The accounts for Turnberry and Trump Links suggest they may be two further examples of poorly run businesses. A detailed analysis of Trump's two courses by Behind the Balance Sheet, a financial research consultancy, illustrated that profits had been consistently lower than at other established rivals in Scotland, including Loch Lomond Golf Club and Gleneagles, and that capital expenditure had consistently outstripped revenue growth at both resorts.

All in all, it's difficult to see how either business would ever generate a positive return on Trump's huge initial investment.

Companies House accounts showed that Golf Recreation Scotland, Turnberry's parent company, depends on an eye-watering amount of debt — around $160 million — owed to its parent company, the Donald J. Trump Revocable Trust, which is registered in New York.

Trump International Golf Club Scotland, which controls Trump's Aberdeenshire resort, owed Trump more than $55 million, and nearly $5 million to its parent company, DJT Holdings.

Their loans are unusual, however, because they are interest-free, negating the tax benefit of loaning money between companies owned by Trump, Mother Jones reported in November.

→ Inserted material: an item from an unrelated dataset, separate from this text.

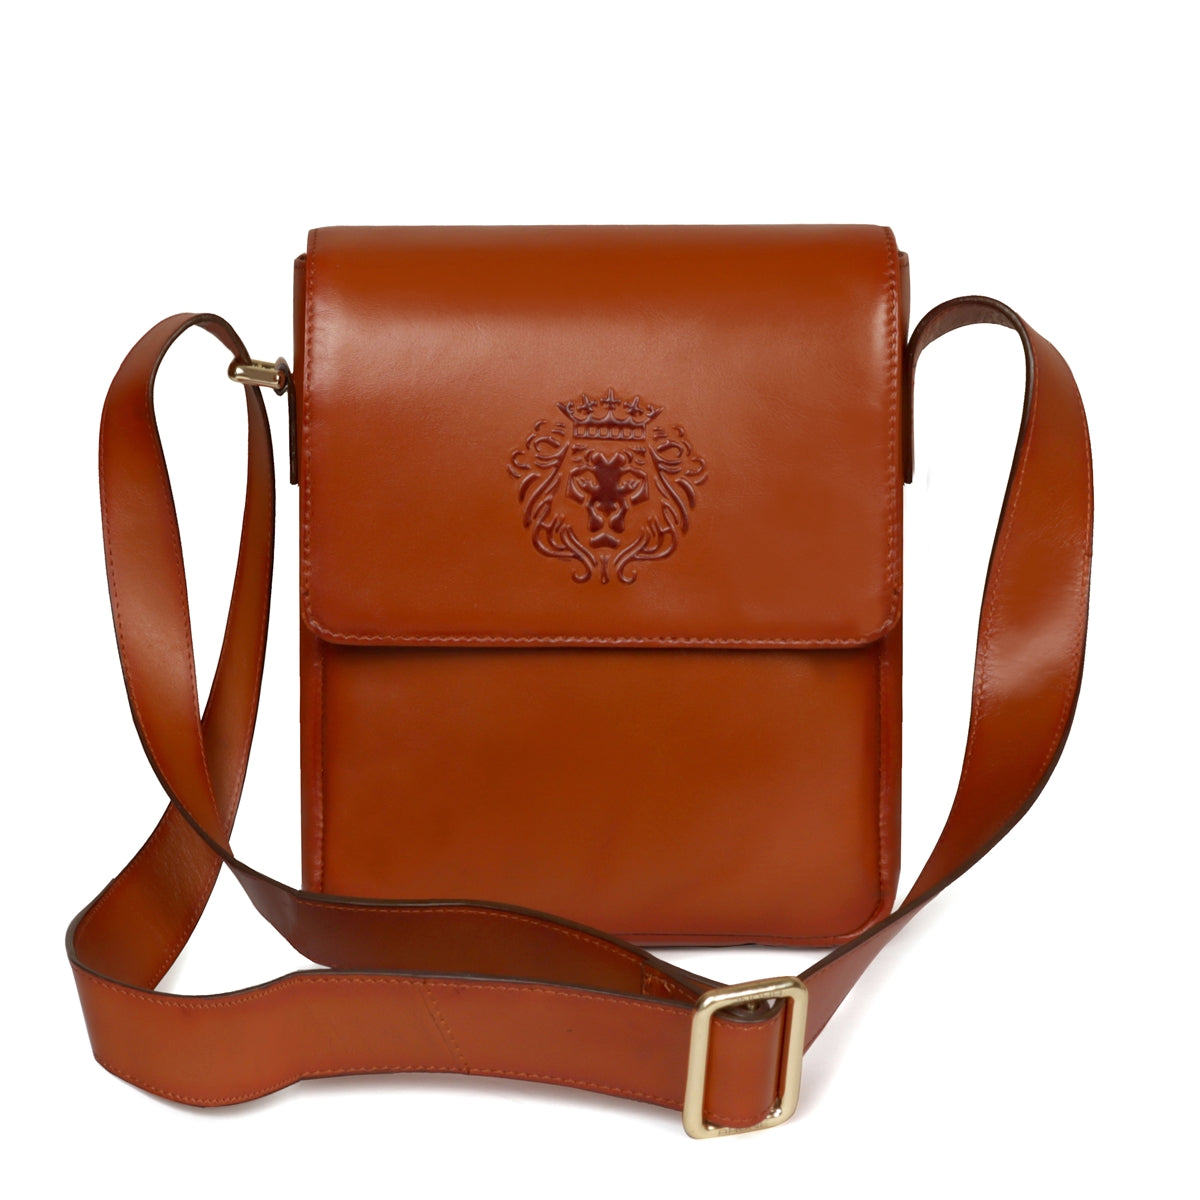 Flap-over Crossbody Bag in Tan Leather with Multi Compartment

It's "a bit fishy," Shaviro said.

"Under US tax law, you can't really have an interest-free loan between related parties," he said.

"There would be a tendency to impute the market interest rate, or else they say it's really equity.

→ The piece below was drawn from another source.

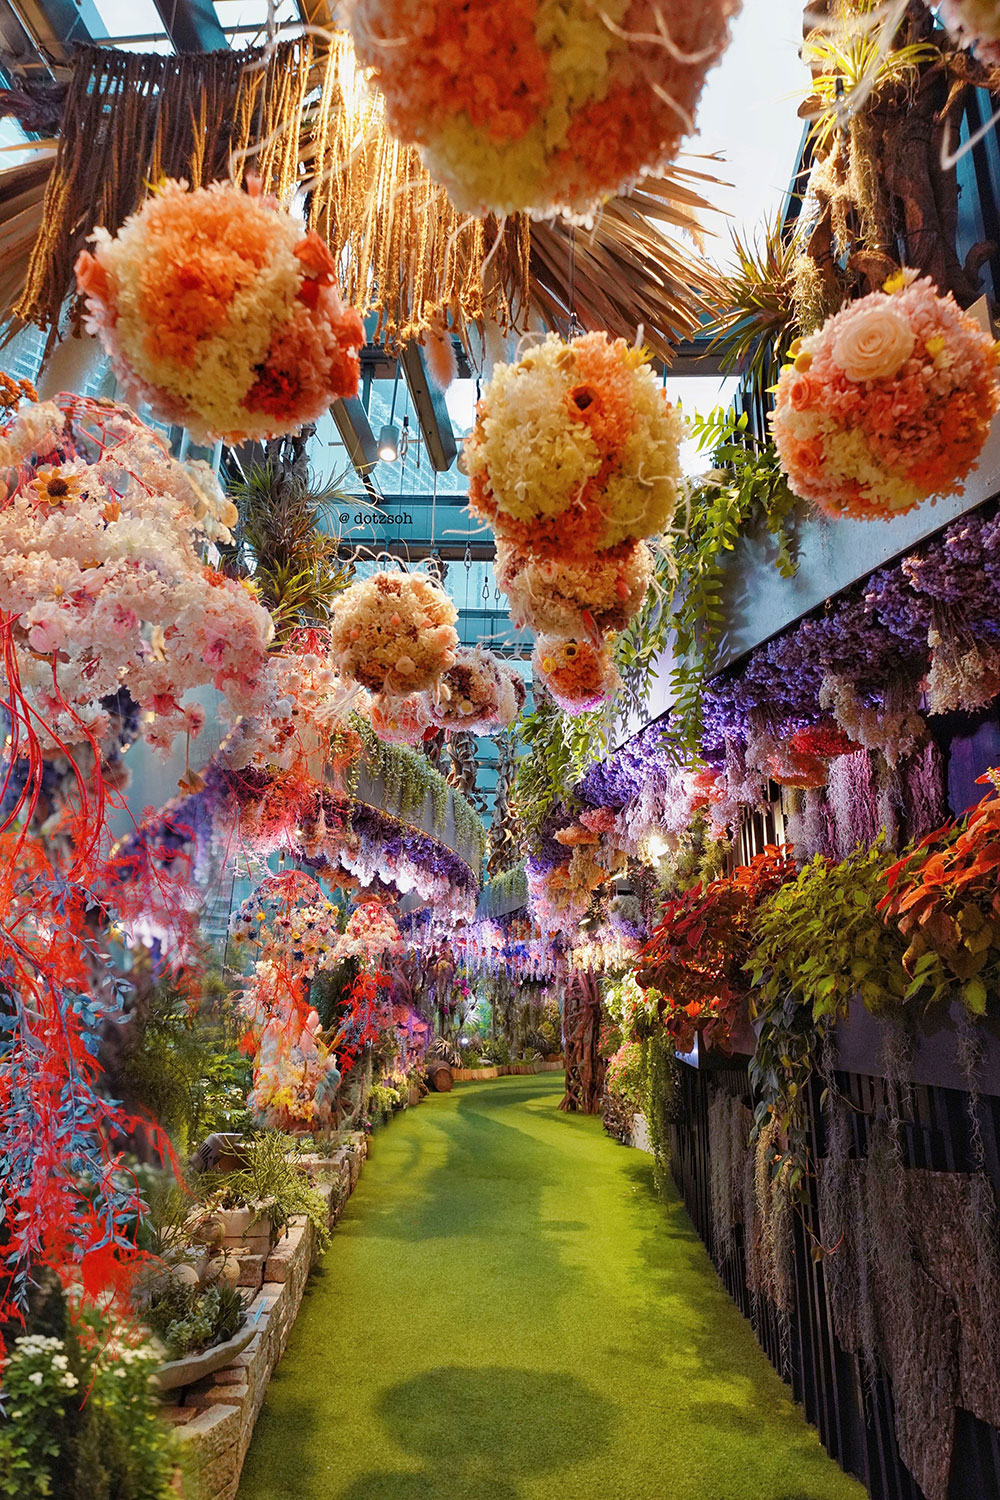 Floral Fantasy at Gardens by the Bay

"So when separate tax entities are engaged in transactions, the idea is that it's got to be arm's length, it's got to reflect reality."

Shaviro said it wasn't clear there was any tax benefit to the way Trump had set up the loans.

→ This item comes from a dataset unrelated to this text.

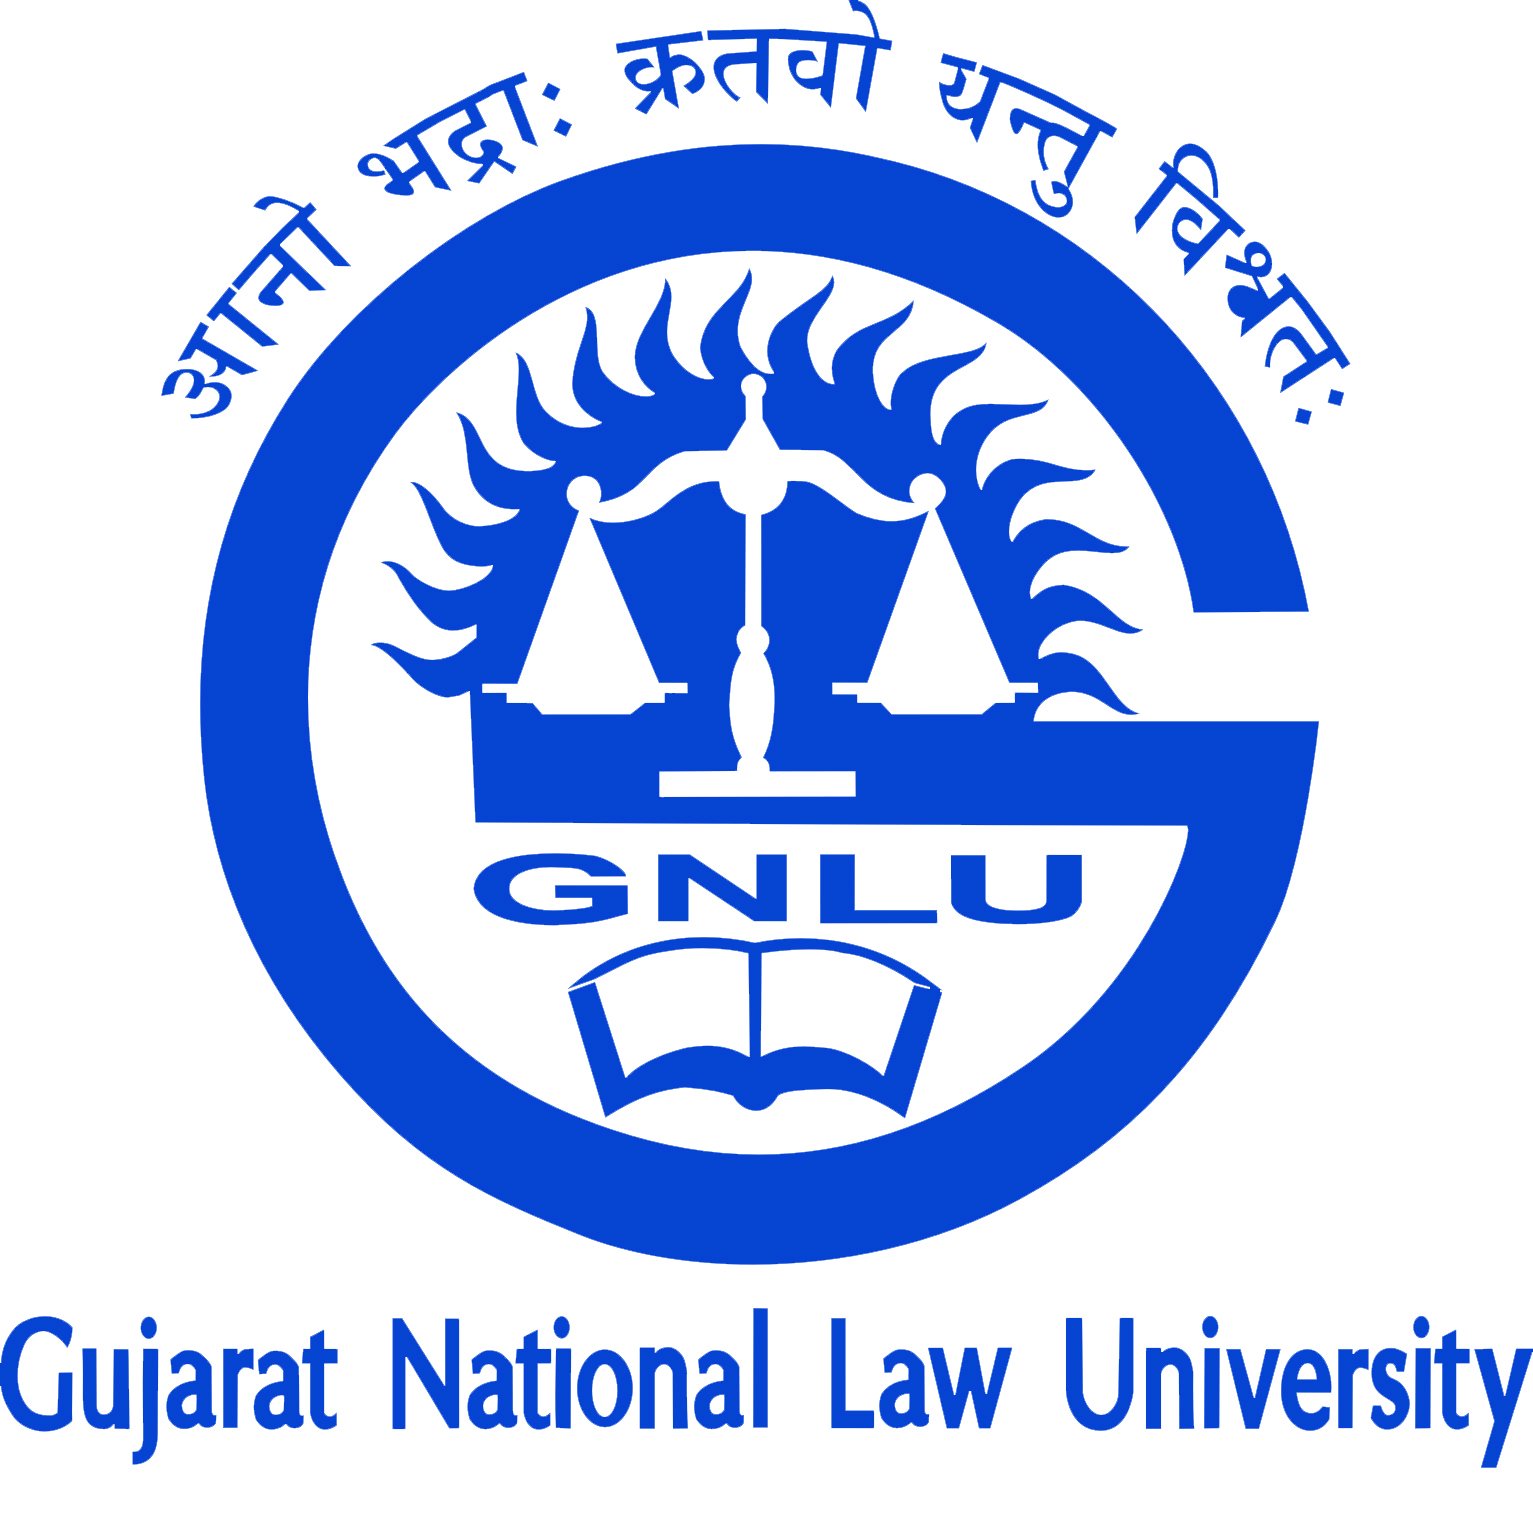 Call for Papers: Edited Book on Handbook of Legal Aspects of Startups in India by GNLU & LegalStartups

"I don't see the obvious tax benefits here," he said. "Whether it's money-laundering or playing games with lenders, there is a pretty good guess something is going on, but I'm not sure exactly what it would be."

That brings us to the last theory.

A group of Scottish lawmakers led by the Green Party's Patrick Harvie this year called for an "unexplained wealth order" over Trump's finances. Their central question: Where did Trump get the money to pay for his resorts in the first place?

Harvie, a member of Scottish Parliament, said in February: "The purchases in Scotland were part of a very long spending spree, with his spokespeople claiming that he had vast sums of money sitting around and available for investment even though, at the same time, he was apparently being turned down for credit."

Trump, who once called himself the "king of debt," had spent his career building businesses on other people's borrowed money, even bragging about it on the campaign trail in 2016.

He began that spending spree in 2006, buying up more than $400 million worth of properties in cash over the next decade, The Washington Post reported in 2018. The first purchase was his Balmedie estate. The most expensive was Turnberry in 2014, even though it was losing money then, too. He purchased a course in Doonbeg, Ireland, in the same year, also using cash.

Harvie alluded to the closed-door congressional testimony in 2017 of Glenn Simpson, the head of Fusion GPS, the political-research agency that produced the so-called Steele dossier on links between Trump and Russia (one part of which a UK judge called "misleading").

Simpson told lawmakers that the firm's investigations had identified in the Trump Organization "patterns of buying and selling" real estate that "were suggestive of money laundering."

Later, he said that "because the Irish courses and the Scottish courses are under the UK," Fusion GPS was "able to get the financial statements."

"And they don't, on their face, show Russian involvement, but what they do show is enormous amounts of capital flowing into these projects from unknown sources and — or at least on paper it says it's from the Trump Organization, but it's hundreds of millions of dollars," Simpson said. "And these golf courses are just, you know, they're sinks. They don't actually make any money."

Trump's son Eric said last year that Harvie's claims had "no basis in fact" and called them "disgusting."

Scotland's government rejected the calls for an unexplained wealth order on the grounds that it was for the country's law officers, not politicians, to instigate such investigations. Nonetheless, these questions about how Trump paid for his golf resorts and why they keep losing so much money will only grow.